Os habitantes da ilha passaram a enfrentar graves dificuldades, que levaram lentamente à quebra de alguns dogmas da economia, entretanto muito pouco para o tamanho da crise. O país resistiu com ajudas financeiras da Venezuela, de créditos baratos da China e investimentos da Espanha no turismo.

Mesmo sob dificuldades, mas com os conceitos e técnicas esportivas desenvolvidas, e muita determinação, os cubanos mantiveram a projeção no esporte, com evidente queda nos dois últimos ciclos olímpicos. Foram caindo aos poucos.

Não bastassem os entraves econômicos, o bloqueio tinha seus braços em incontáveis países ligados aos círculos dos EUA, que emperravam até os deslocamentos dos atletas cubanos pelo mundo, obrigados a longas esperas por vistos de viagem. Ser atleta cubano tinha lá seu charme, mas não era tão glamoroso como parecia.

Na última Olimpíada, em Londres-12, Cuba enviou uma delegação de 111 integrantes, contra 229 em Sydney-00, uma drástica redução na década. Parte disso por falta de recursos e parte por fracassos nos torneios classificatórios, indício de que a crise já estava latente. O país não havia classificado equipe em nenhum esporte coletivo.

Situação bem diferente da fase de glórias, na Olimpíada de Barcelona-92, quando a delegação com 176 atletas arrebatou 31 medalhas, das quais 14 de ouro, 6 de prata e 11 de bronze, sua melhor campanha na história do evento.

A falta de recursos vem incentivando os esportistas há tempos a uma prática usada também em ações políticas e de direitos humanos, como a fuga para outros países, principalmente para o EUA, em busca de novas oportunidades na vida. Para os atletas a oferta é cativante e fácil de ser alcançada, por causa das viagens ao exterior.

O Brasil mesmo abrigou vários deles. Já relatei esses casos, alguns que ficaram por aqui por paixão desenfreada, amor, como um jogador de basquete na década de 60 (certamente a primeira fuga de um cubano de uma delegação no exterior pós revolução) e um ciclista no Pan do Rio, que se enamoraram perdidamente por brasileiras.

Outros ficaram atraídos pelo sonho de uma nova vida no país. Também vários vieram via intercâmbio esportivo. O caso de maior repercussão envolveu os pugilistas Erislandy Lara e Guilherme Rigondeaux, que fugiram da Vila do Pan em 2007, foram capturados dias depois e acabaram repatriados numa operação obscura e repleta de mistério envolvendo os governos do Brasil e de Cuba.

Mesmo quando pouco tempo atrás o governo de Cuba anunciou uma reforma de suas leis de migração, determinando o fim da exigência de permissão para que cubanos viajassem ao exterior, o esporte foi um dos segmentos barrados, que continuaram sujeitos a veto.

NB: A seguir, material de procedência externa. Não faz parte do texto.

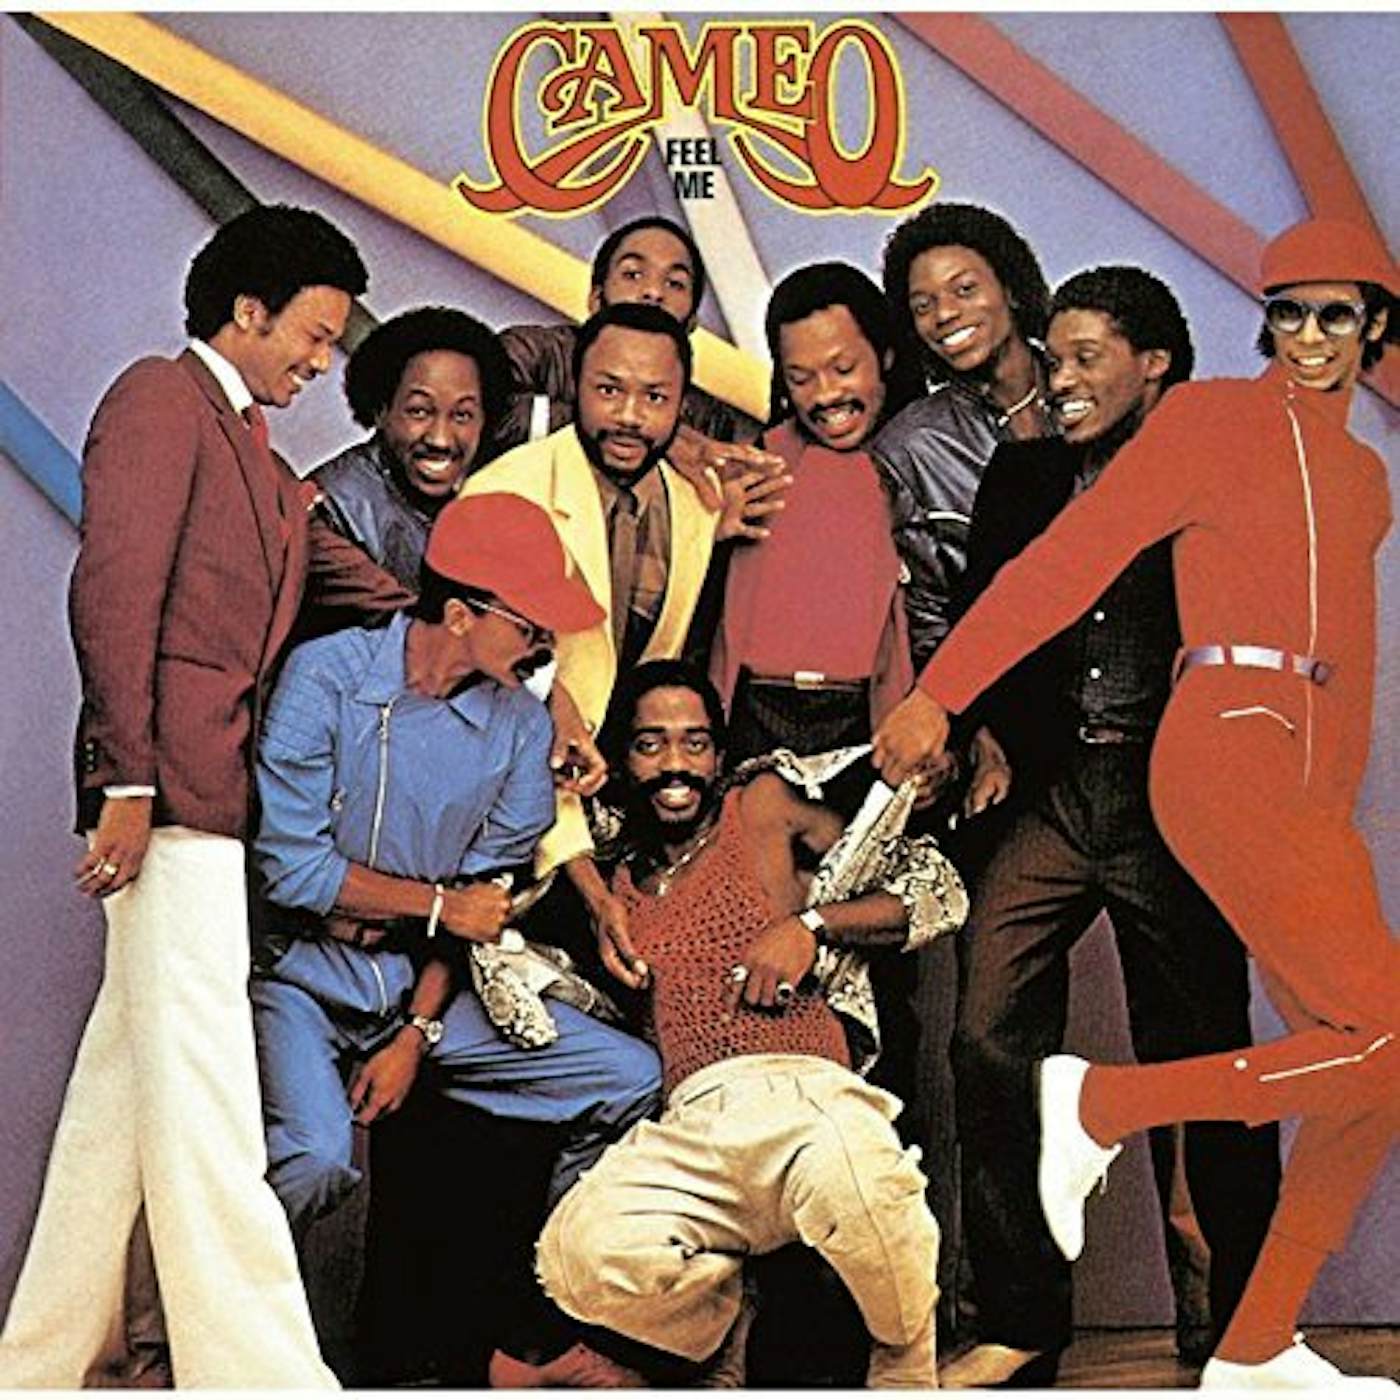 Cameo FEEL ME: LIMITED CD

É quase certo que os dirigentes da ilha tinham receio de que ofertas milionárias arrebatariam de maneira avassaladora os astros do esporte cubano, que recebiam apenas uma ajuda de custo do governo.

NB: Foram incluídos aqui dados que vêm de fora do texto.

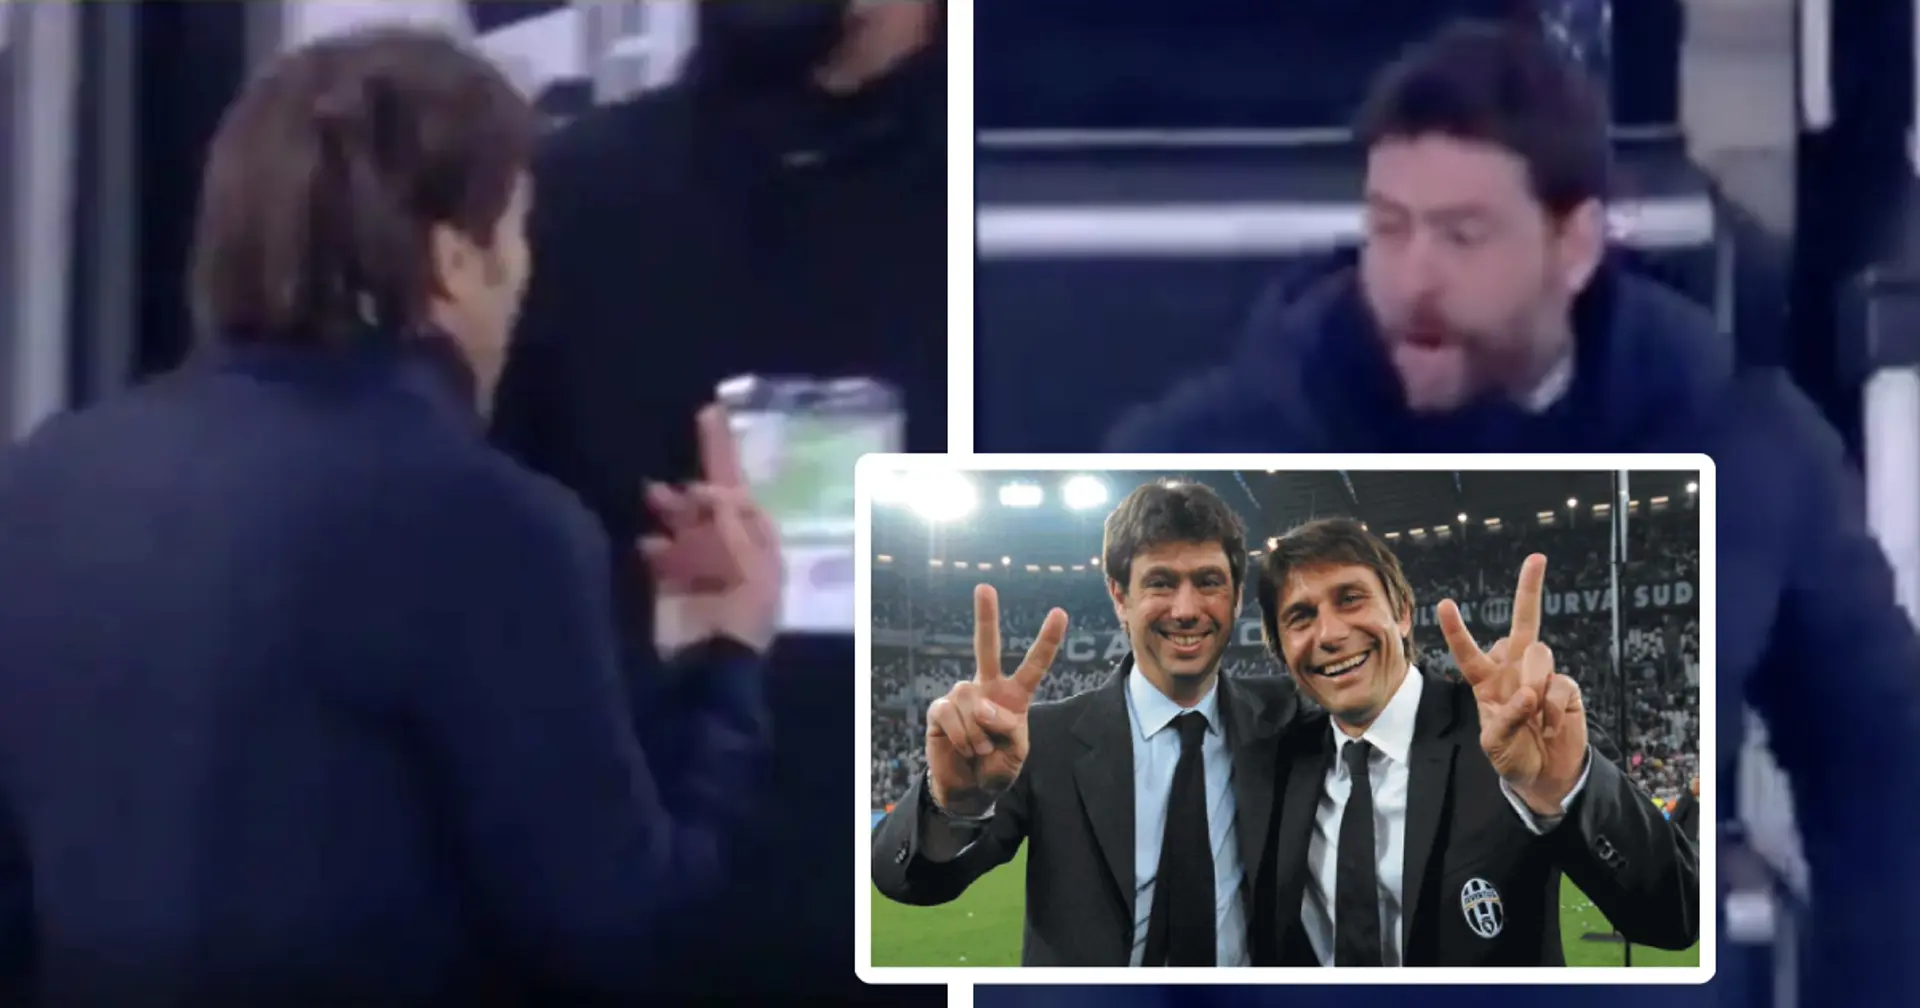 Conte shows middle finger to Juve bench, Agnelli replies, ‘put that finger in your ass, b* * * * *’

Em contrapartida, antes estritamente amadores, os esportistas passaram a desfrutar de salários, bônus por resultados e até de permissão sob controle para assinatura de contratos com clubes do exterior. Antes, esta última hipótese, caso ocorresse, afastaria definitivamente o atleta das seleções nacionais.

Na Olimpíada do Rio, em agosto de 2016, a expectativa é de que Cuba se apresente com uma equipe aguerrida, como sempre, mas não com o gabarito daquelas delegações dos tempos dourados. O período é escasso para recuperar o tempo perdido e, é bom deixar claro, o embargo continua golpeando, pressionando e abusando dos habitantes da atrevida e indomável ilha caribenha.